Monday 1 April 2013

Training Review - Week 13 - March 25 to 31

Higher targets set for this week. 

Monday was a decent start to the week. Sunday night was the first proper night's sleep I have had in a couple of weeks. At swimming lane 3 was pretty crowded so I dropped back into lane 2. But about a quarter of the way through the session I was lapping everyone, and lane 3 had settled in to a pack, so I moved up mid-session. 

Tuesday it was snowing, and cold. I wrapped myself up in a couple of extra layers and went out to do my loop around Dyce, but all the way round I was having trouble breathing in the cold air. I was a minute slower than last week, which I can mostly attribute to the weather. I jumped from 4th place to 2nd on the Strava segment I was hoping to top this week. Missing the tops spot by only 9 seconds. However, this has actually meant that I am more miffed about not checking my satellites last week. I was a minute quicker last week, which should be about 25 seconds over the segment and would have put me comfortably top. I am not planning this loop again on my own any time soon so it will be a while before I get another shot at it.

Decided I might try some of this "social life" people have been telling me about. Which is going to hit Thursday and Friday training. So I decided to pull Thursday's swim in to Wednesday. Because I had to survive the session and get home in time for Tesco this meant I had to cut my brick down. I decided to keep the hour on the bike but step the pace up slightly and then do the same run as last week. I then got away from work late and had to trim another 10 minutes off the run. Did manage a good swim though. And felt fine after the triple session. 

I had half a thought about doing Moray Roadrunners 10k on Sunday but these changes mean I am way short on run miles and need to find 10 at the weekend. Trying to put that in with a 10k race would leave me then needing a 4 mile warm down. Or trying to do a brick on the Saturday. Neither option would result in me doing a decent race so going to skip it and stick with doing a proper long run instead.

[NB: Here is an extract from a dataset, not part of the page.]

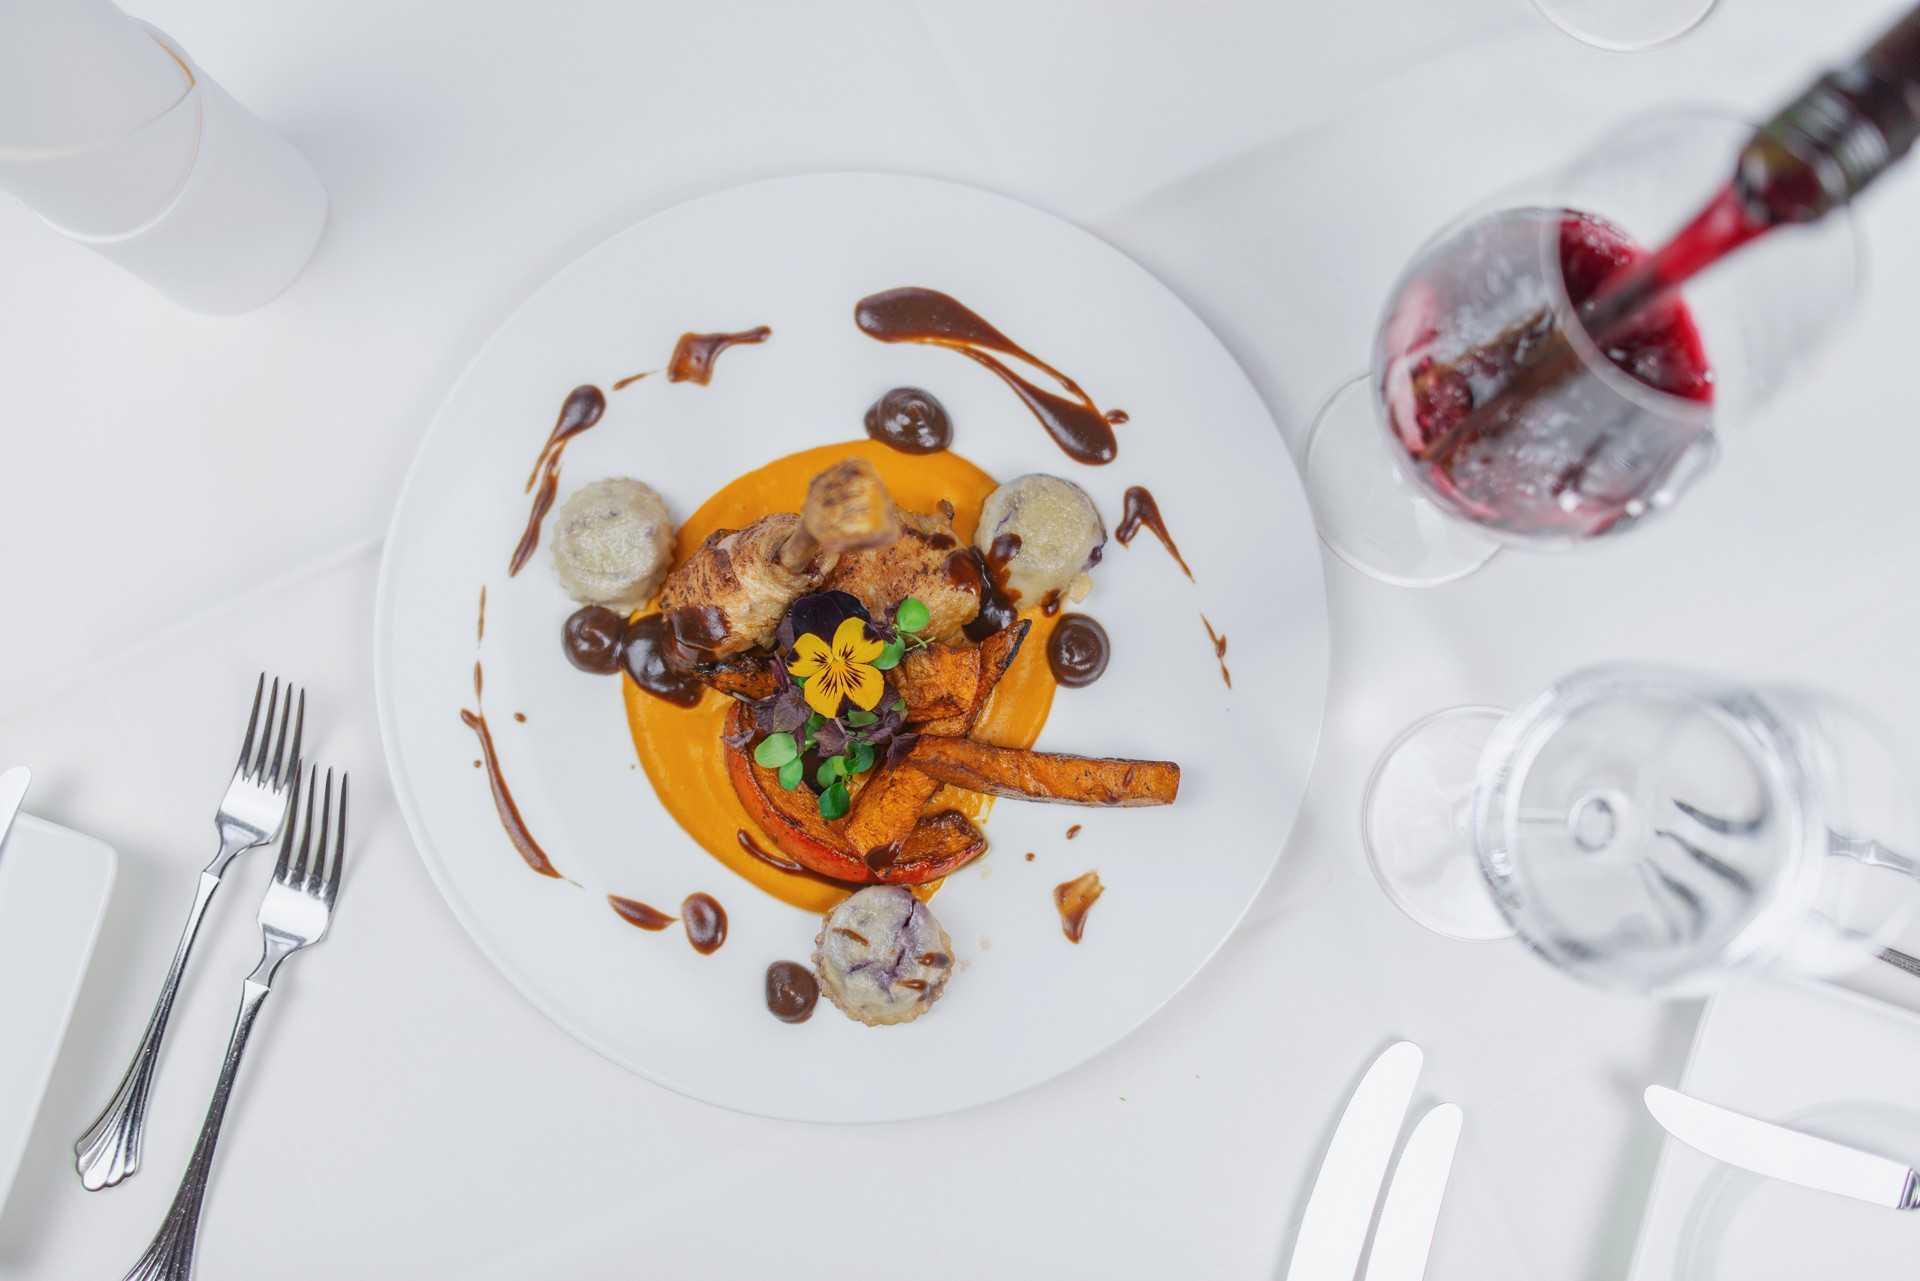 Dish at Bellevue Dresden
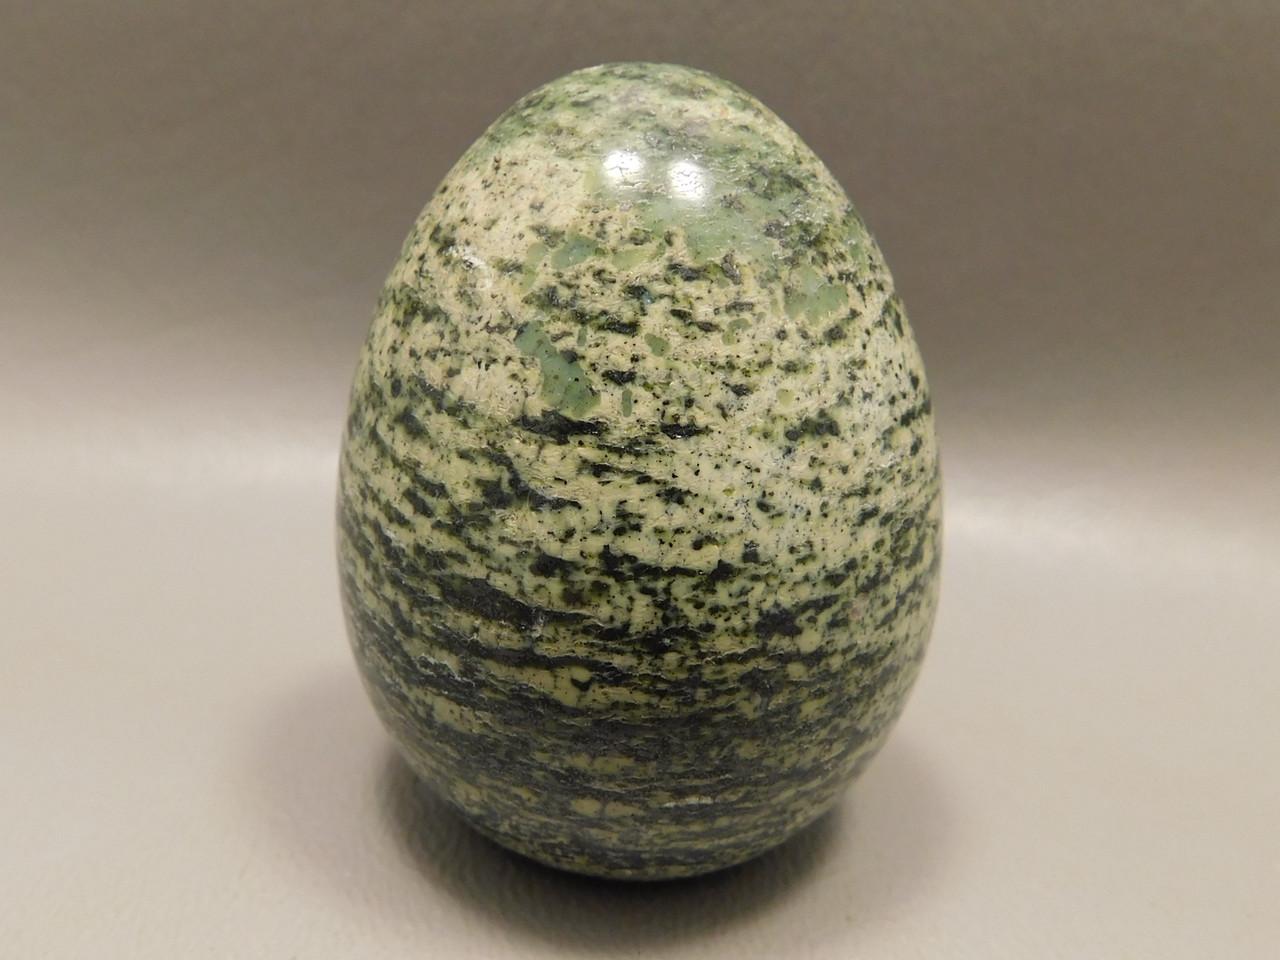 Serpentine Stone Egg 2 inch Green Gemstone South Africa Rock #O1

Thursday - Rest day. Getting much better at sticking to these.

Friday - Rest day. Did fit my new mtb brakes though. So should hopefully get out on the it sometime next week. Especially with the clocks changing. They deprive me of an hour of sleep somewhere, but give me an hour in the evening where I should be able to see well enough to ride.

Saturday - I planned to tie two of my run routes together in a figure of 8 to make a 10 mile route. Didn't realise how much they overlapped and it turned out to be only 8.7 miles. There are a couple of small sections I can add to it next time to get it over 10. The bright side of being short means it leaves me looking for just over a mile on the Sunday so I am going to do a short run off the end of my long ride.

Sunday - I was going to head out with a group ride from Kintore but the thermometer still said -3 degrees when I had to leave to meet them so I decided to skip that and wait till later in the day. I went out instead on my own for a 21 mile ride once the needle hit zero.

Nice and easy recovery ride just to finish off my miles for the week. New chain took a while to bed in, but seemed ok after about 10 minutes and has now settled to the point that I can't find the joint pin. Most of the route was through Aberdeen so was almost a technical bike-handling session avoiding the potholes and the discourteous drivers. Definitely some work to do here. I am much more cautious than I was pre-crash and it is costing me a lot of time in and out of corners.

Completely forgot I was meant to run off the end of it though.



So targets for last week (Week 13) were:

Swim >1.5 miles Bike >40 miles. Run >15 miles. A core or stretching session. 

Actuals were:
Monday - Swim with TPT, 2,075m in 55mins. And a core session.


Tuesday - Dyce loop. 5k in 24mins. And another core session.


Wednesday - Gym Brick; Exercise bike 19.1 miles in an hour, treadmill 2 miles in 18mins. Swim 1,000m in 22mins. And yet another core session.

Thursday - Rest Day

Friday - Rest Day

Saturday - Dyce Figure 8 run. 8.7 miles, 1 hour 18.

Sunday - Random 21 ride. 21miles 1hr 28. 


Result - 
Swim 1.9 miles ( 3,075 m). Bike 40.1miles. Run 13.8 miles. 3 core and 1 stretching / rollering session.